Exercise material Block Start

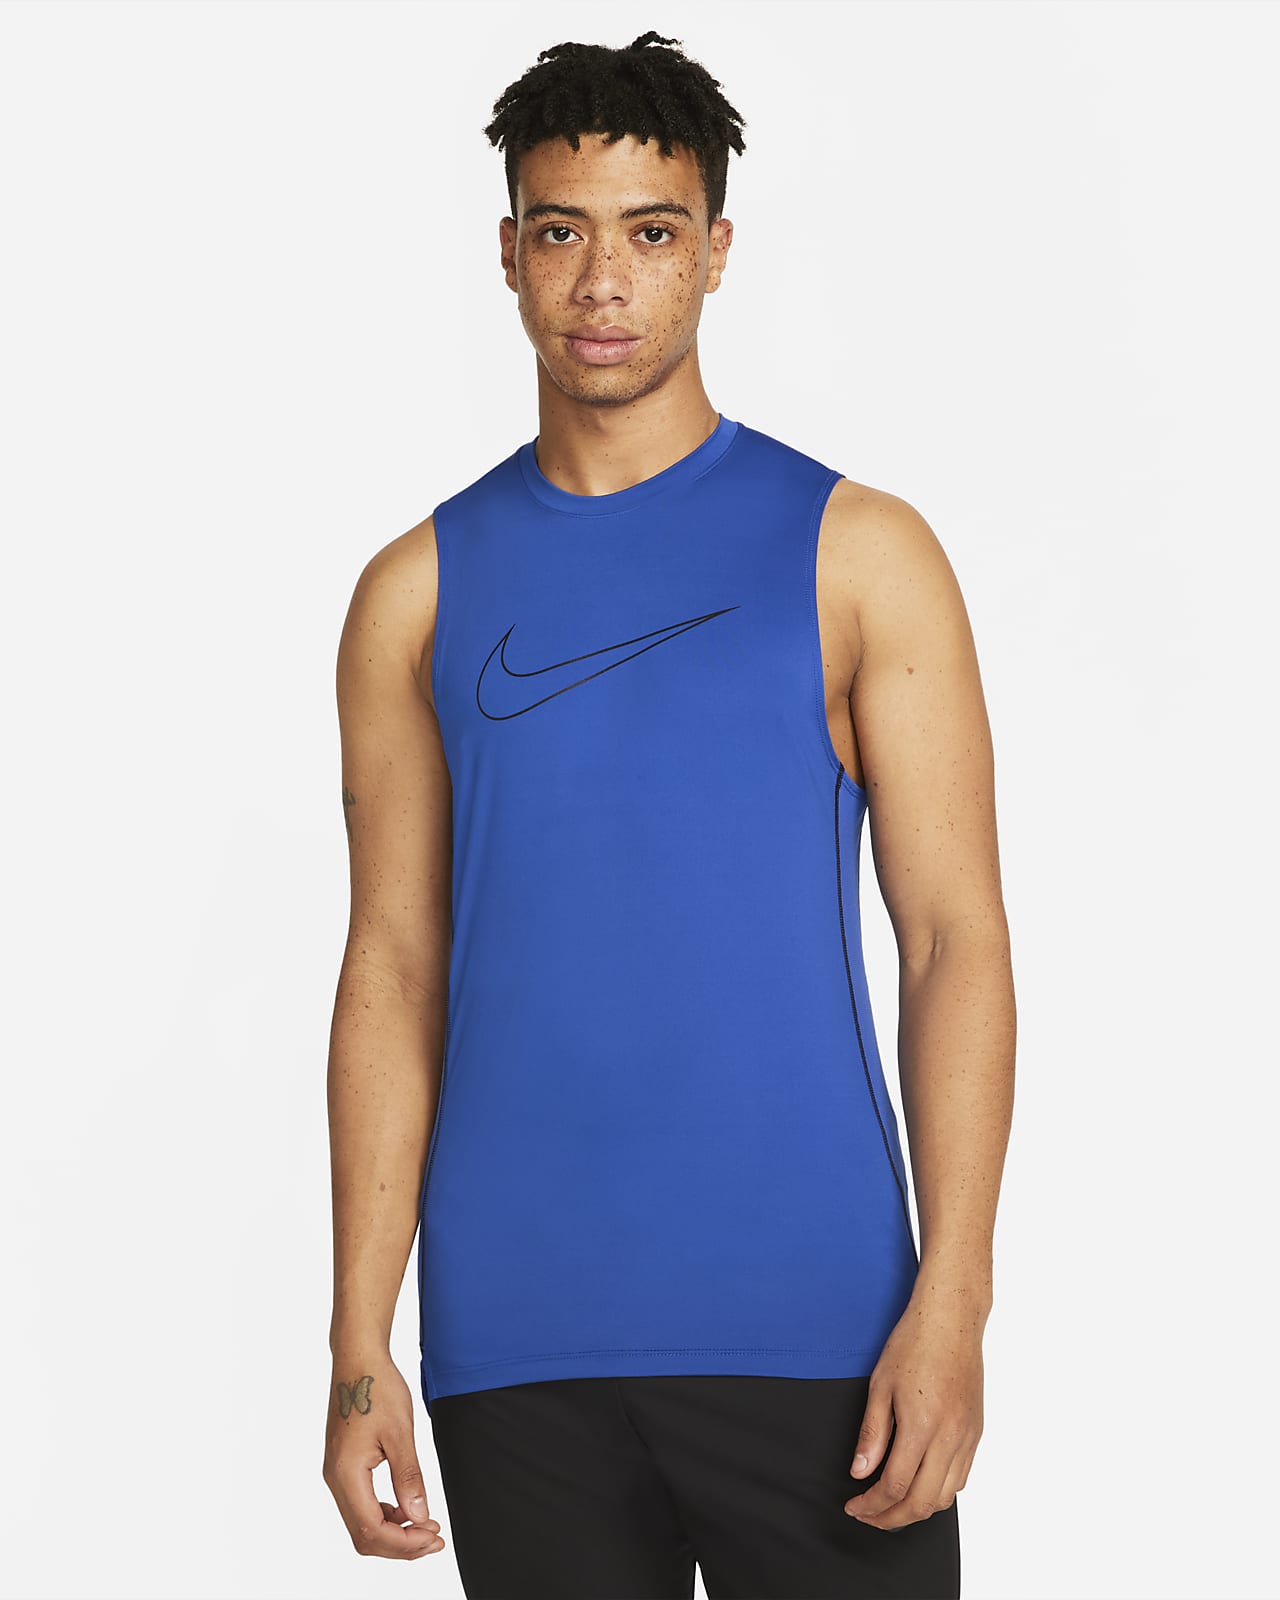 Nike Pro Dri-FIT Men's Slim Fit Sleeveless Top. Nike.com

Exercise material Block End
Exercise material Block Start

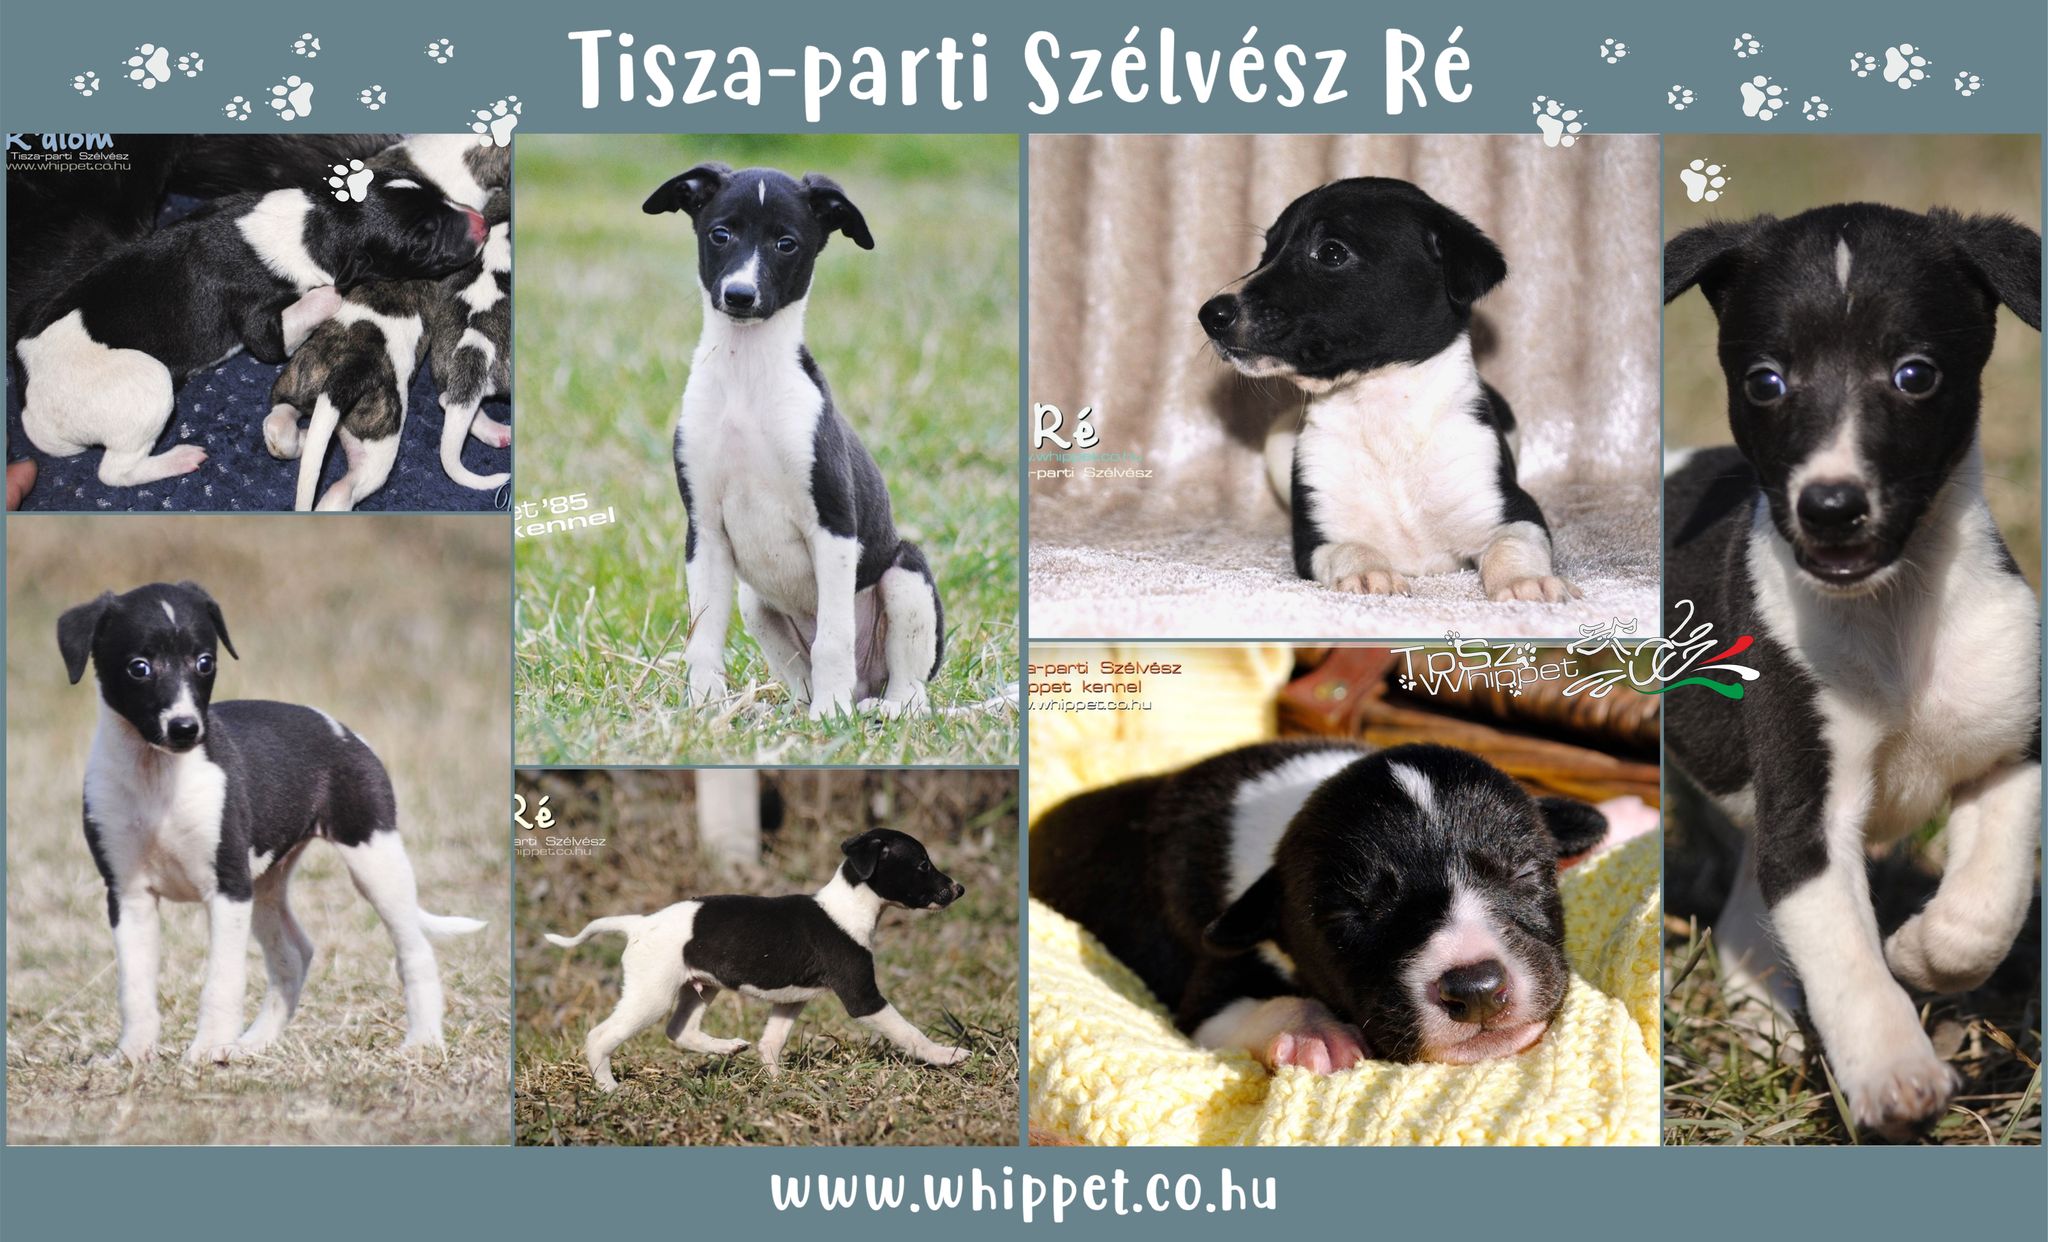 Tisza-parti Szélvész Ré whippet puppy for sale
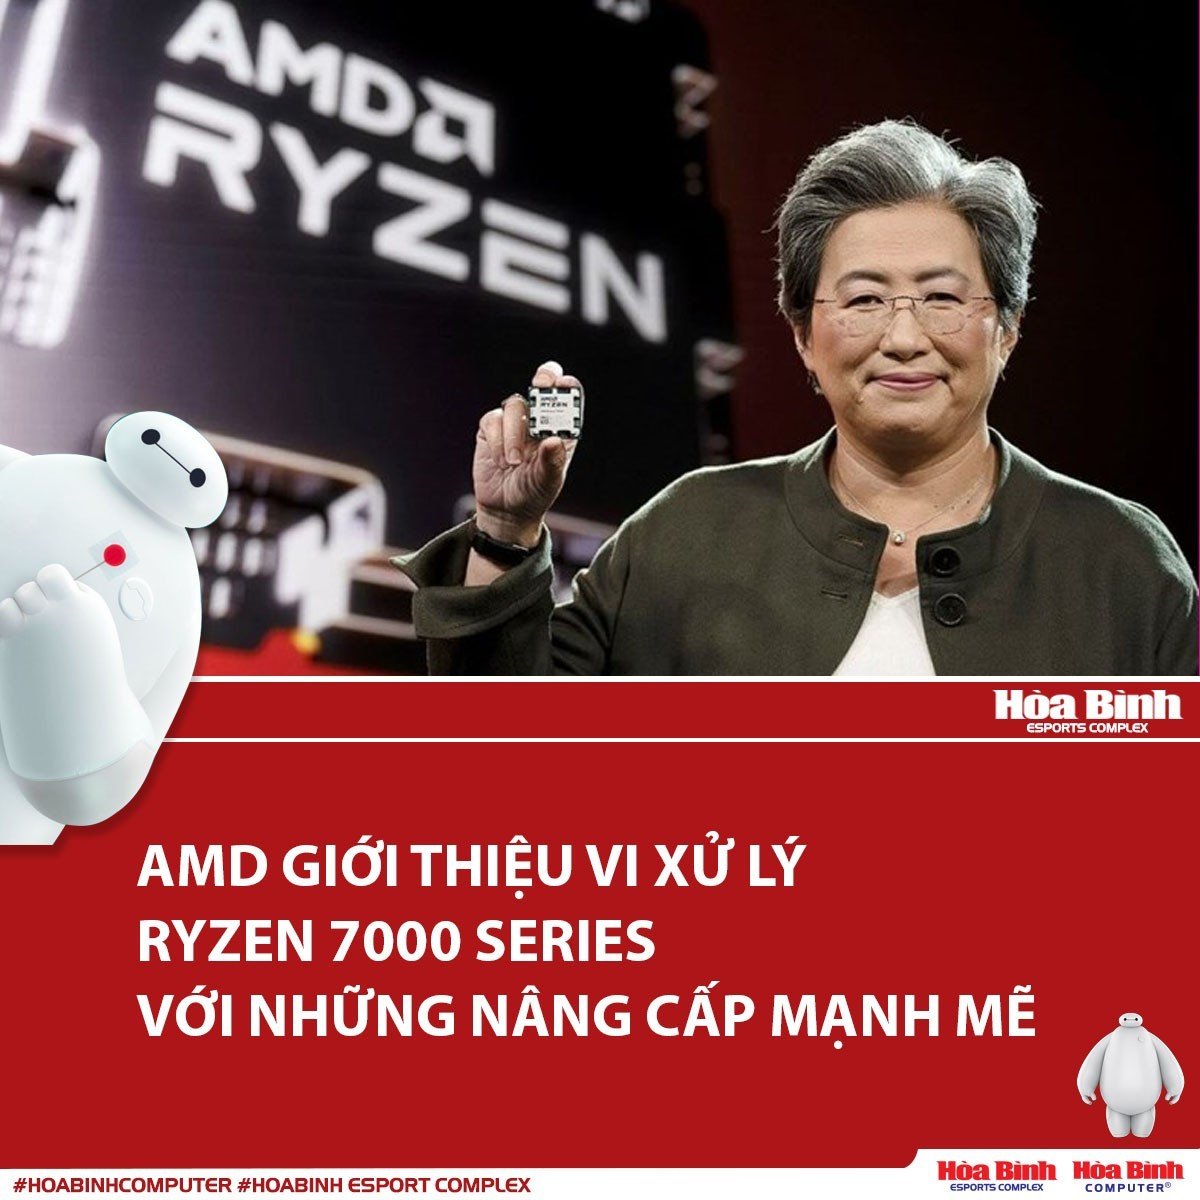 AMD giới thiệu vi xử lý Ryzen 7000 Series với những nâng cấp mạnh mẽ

Exercise material Block End
Exercise material Block Start

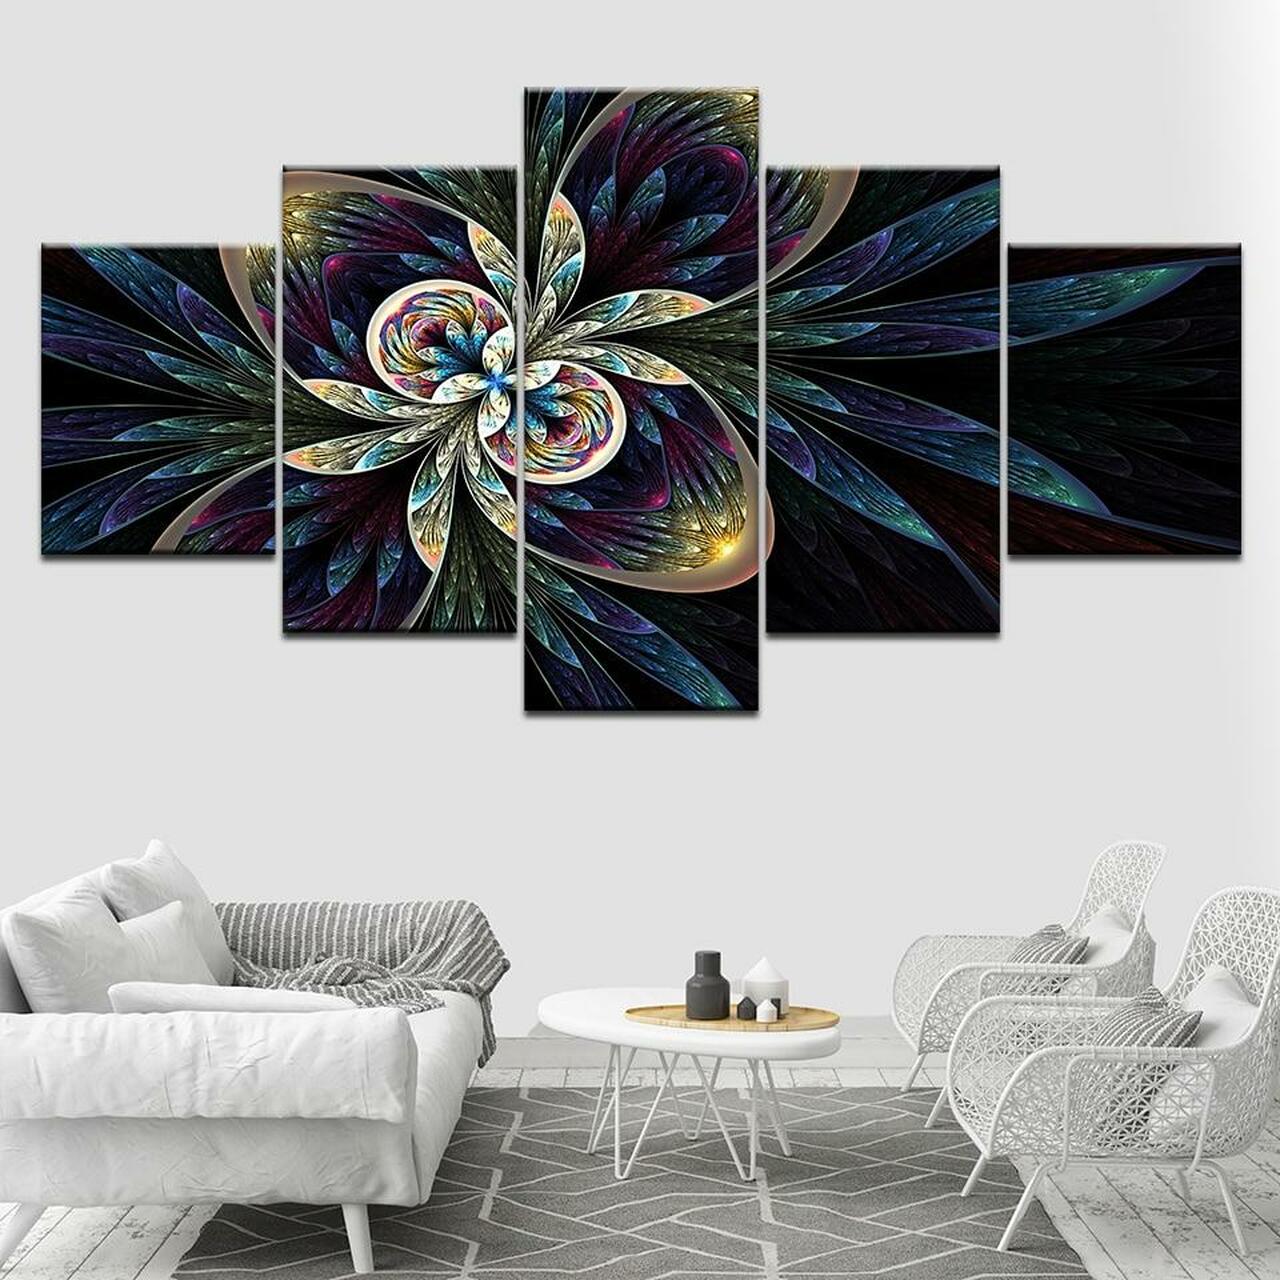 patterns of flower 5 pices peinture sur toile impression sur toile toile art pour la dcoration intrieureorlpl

Exercise material Block End

Reproduce the data above exactly, but only the lines from the one showing "Tisza-parti Szélvész Ré" through the one showing "AMD giới thiệu", with both ends kept and the pictures left out.

 Tisza-parti Szélvész Ré whippet puppy for sale
 AMD giới thiệu vi xử lý Ryzen 7000 Series với những nâng cấp mạnh mẽ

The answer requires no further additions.